И тогда Фрэнк заплакал. Не тихо, не благородно. Он завыл, уткнувшись лицом в подушку, глуша крик, полный такой животной тоски, что у Джерарда всё оборвалось внутри. Это был плач не о смерти. Это был плач о том, что он больше не может даже взять аккорд. Что музыка ушла.
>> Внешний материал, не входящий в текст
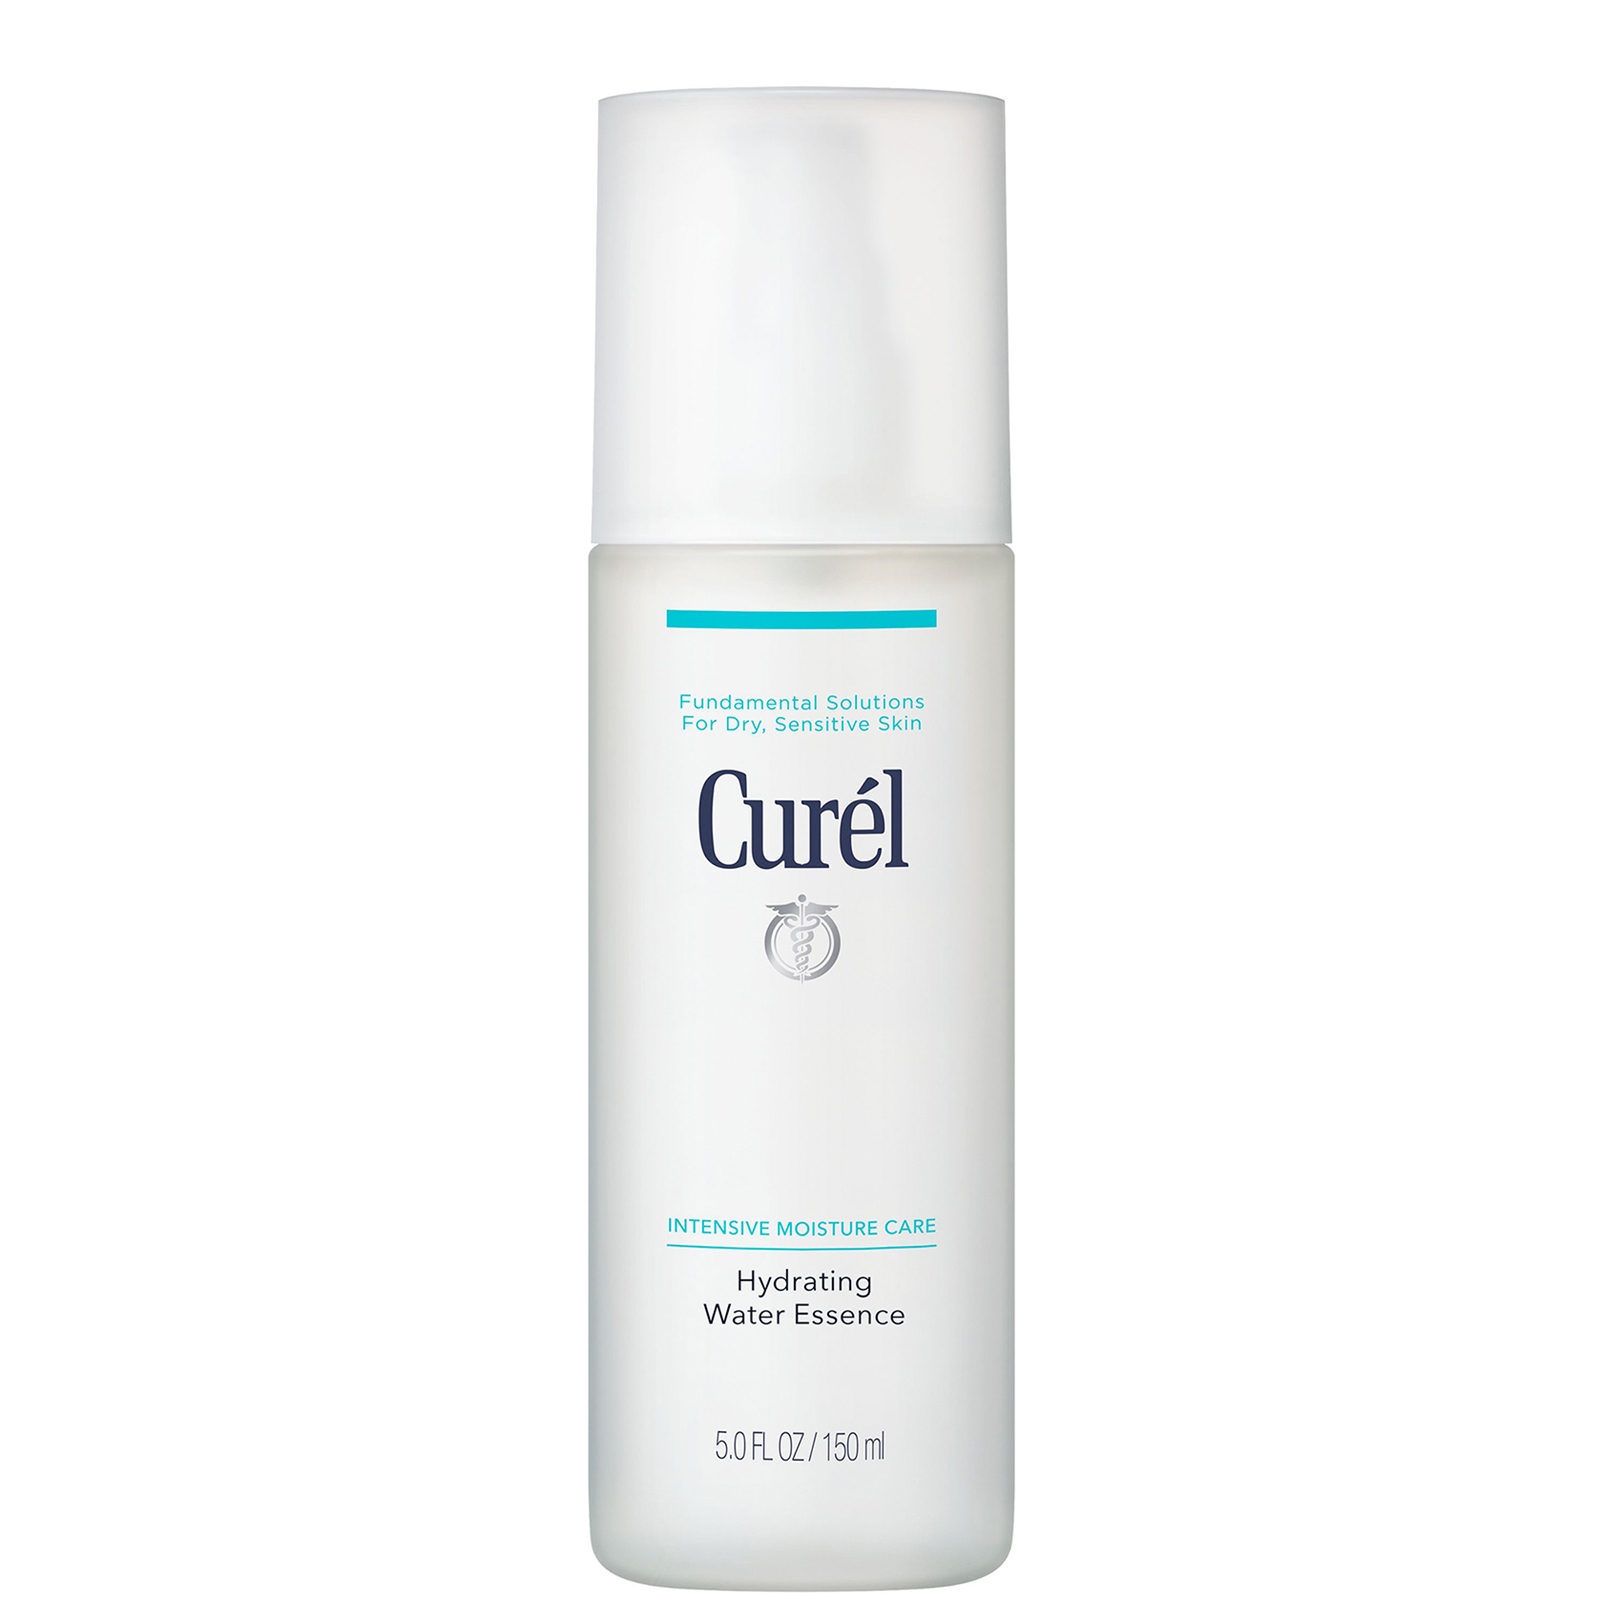 Image of Curél Hydrating Water Essence for Dry, Sensitive Skin 150ml

Что «Фрэнк Айеро» — гитарист, личность, живой человек — умер, а тело всё еще здесь, и оно мучается.
Джерард не выдержал.
Плевать на тромбоциты. Плевать на больничные протоколы. Плевать на маски.
Он лег на кровать, прямо поверх одеяла, и обнял Фрэнка — крепко, не боясь причинить боль, потому что боль и так была везде. Он зарылся лицом в его плечо, туда, где от него еще пахло не только химией и болезнью, но и чем-то родным, чем-то их собственным.
— Я здесь, — зашептал он, гладя его по острому, вздрагивающему плечу. — Я здесь. Слышишь? Я никуда не уйду. Я научусь ставить капельницы, менять судно, выть на луну — что угодно. Ты только не смей сдаваться. Не сегодня. Сегодня просто дыши.
Фрэнк вцепился в его руку. Не в гитару. В его руку. Его ногти, слабые и ломкие от химии, слегка царапнули кожу Джерарда.
— Дышать... больно, — прохрипел он.
— Тогда просто лежи. И знай, что я тебя люблю.
За окном май плакал дождем, размазывая по стеклу серые тени города. Палата №417 наполнилась тишиной, нарушаемой лишь писком инфузомата, мерно отсчитывающего дозы цитарабина.
От мая оставалось еще три недели. Три недели до лета.
Джерард не был уверен, что Фрэнк его увидит.